By mid-afternoon today Boro and all the other commercial waiting by their boats will receive word from the Bodega Bay, San Francisco and Half Moon Bay port if the crab is meaty enough to justify their time spent fishing and the price per pound they expect for their efforts.

"We all want $1.75 per pound and so the buyers have to agree to pay for this as well before we set out," said San Jose resident and fisherman Walt Doll of the Judy Kay. "If the quality is bad, then the buyers will lower the price so we want to know beforehand that there's hearty crab out there before going out. We don't want to put bad quality crab on the market either," said Doll, "so it's a wait and see issue right now."

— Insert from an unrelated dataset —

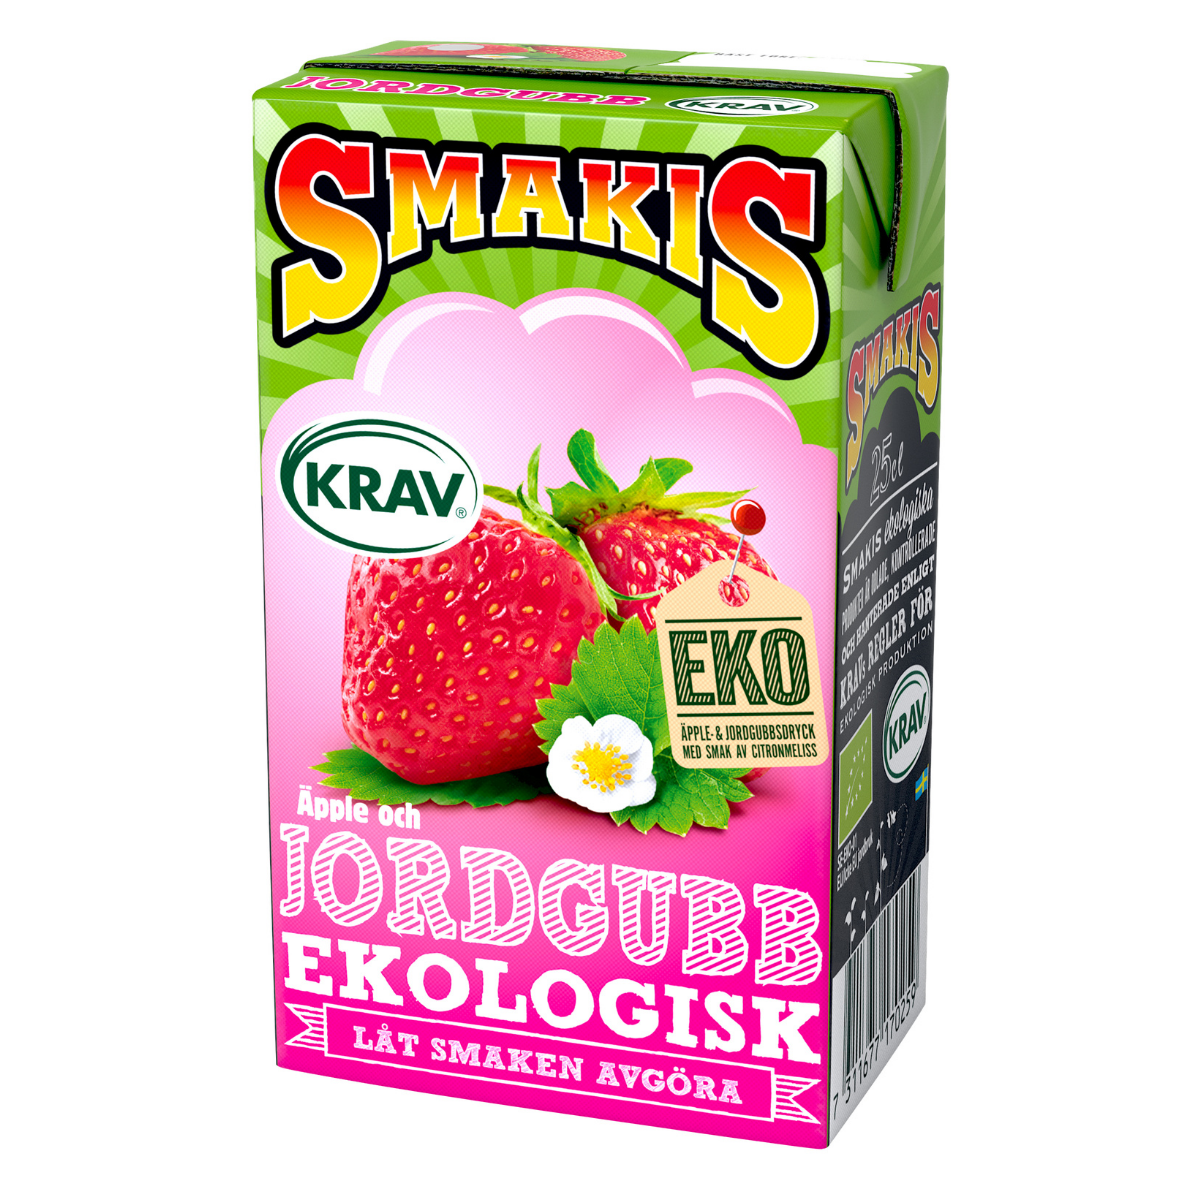 Smakis's Erdbeergetränk'
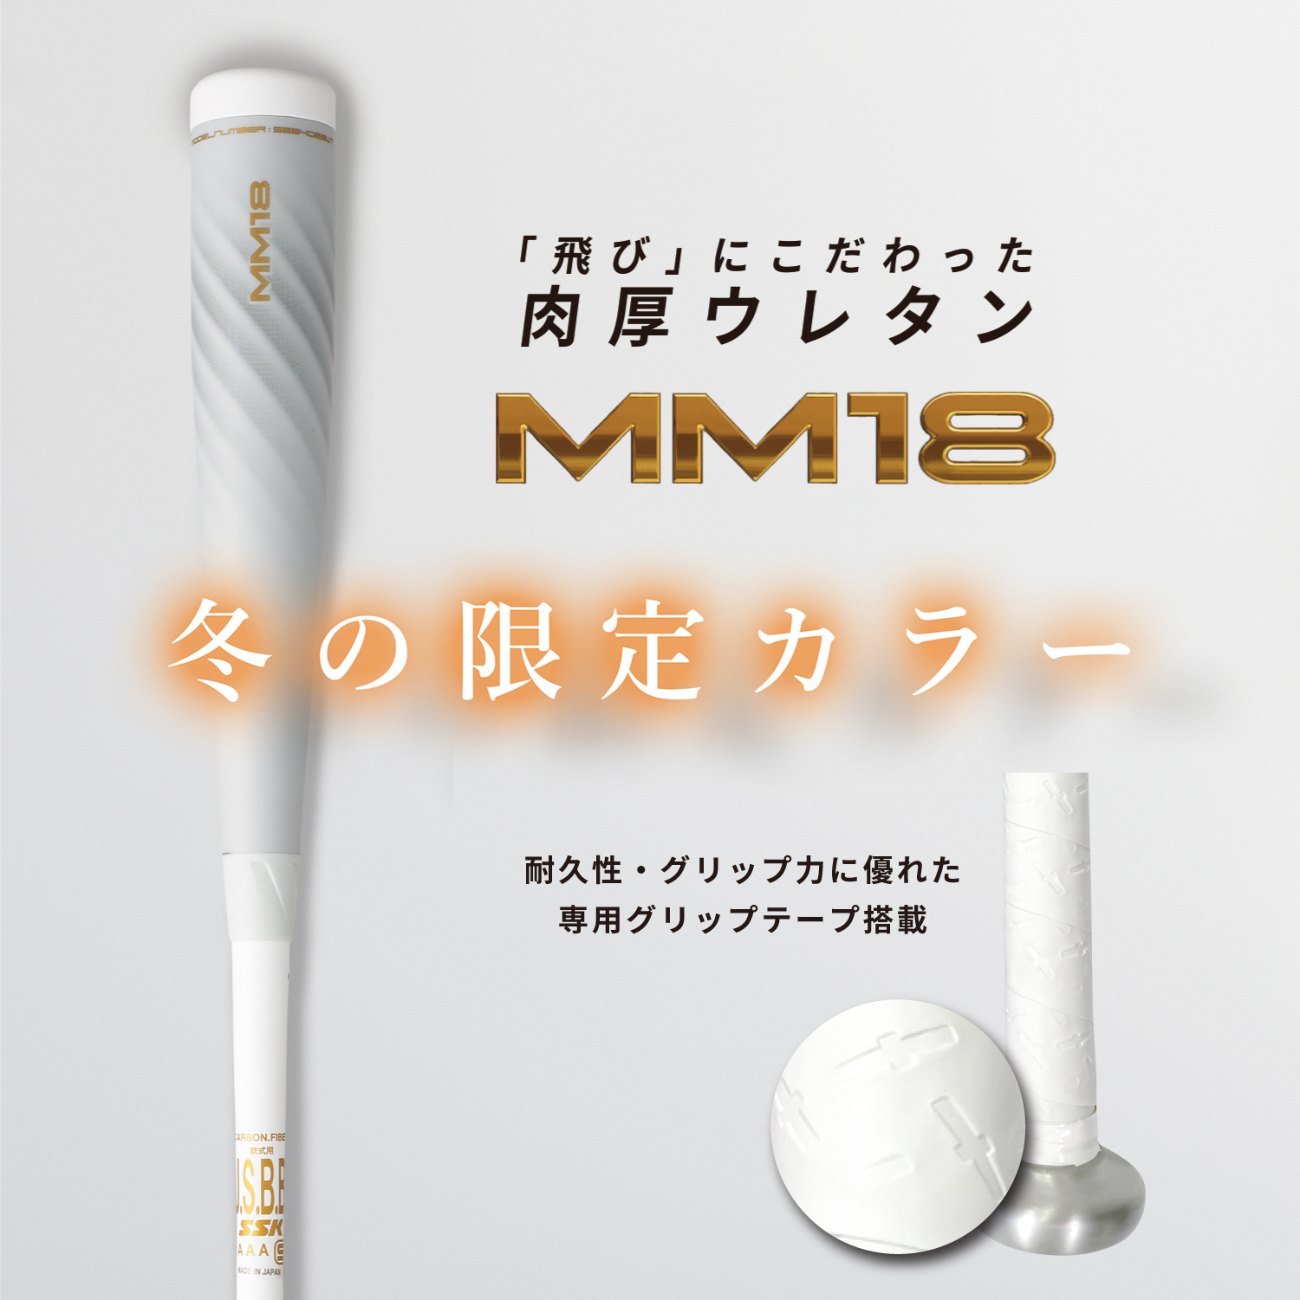 SSK MM18 限定カラー ホワイト トップバランス 83cm 710g - バット

Because Half Moon Bay is part of District 10, which encompasses the area from Point Arena to the Mexican border, testing the quality of the crab falls on the shoulders of the fishermen.

"It's ridiculous that fishermen have to do what the State of California should be doing," said Boro. "We are considered the lower end of the chain when it comes to crab fishing here because traditionally we were never considered a decent crab district. It's only been in the past 15 years that we've established ourselves as a crab district."

Local fishermen credit the good health of the bay for the abundance of crab in the area.

"It's a good sign that our ocean is so healthy and the resources are in good shape for crab fishing," said Doll.

At the start of the season, three boats are sent out to test the crab from Bodgea Bay, San Francisco and Half Moon Bay.

"The Half Moon Bay Market Association pays for a fisherman to go out," said Doll. "The owner of Pale Horse usually goes because he's the safest and fastest boat here."

The three boats all drop six pots each on an overnight set.

"They'll get 35-40 crabs in each pot," said Boro. "And then all the crab goes to a laboratory in Santa Rosa where they weigh them and cook them. If 25 percent of the original weight is good meat, then it's a go, we're out of here, and all you'll see is smoke behind us."

When they come in, though, the haggling between retail and wholesale over price begins.

Fresh-caught live crab is sold by some of the fisherman retail "off-the-boat" to the public at Pillar Point Harbor. For cleaned and cracked crab, cooked or live, people can buy it directly at Princeton Seafood Company Fish Market located at the harbor as well.

"Every year it's the same thing of just waiting for the first boats to come in," said Randy Haake, manager of Princeton Seafood Company Fish Market, who hopes to sell 200 to 300 pounds of crab by closing at 6 p.m. today.

"We all want the opening of the season to be a financial success for everyone involved, but we also don't want to lose money on the situation."

Haake is confident that the quality of the crab once it comes in will be good because "I was seeing sport crab packed with meat and there seems to be an abundance of crab out there right now," he said.

"The waiting part and negotiating the price is stressful for everyone involved," Haake said, "but I'm keeping my fingers crossed that I'll have lots of crab to sell tonight."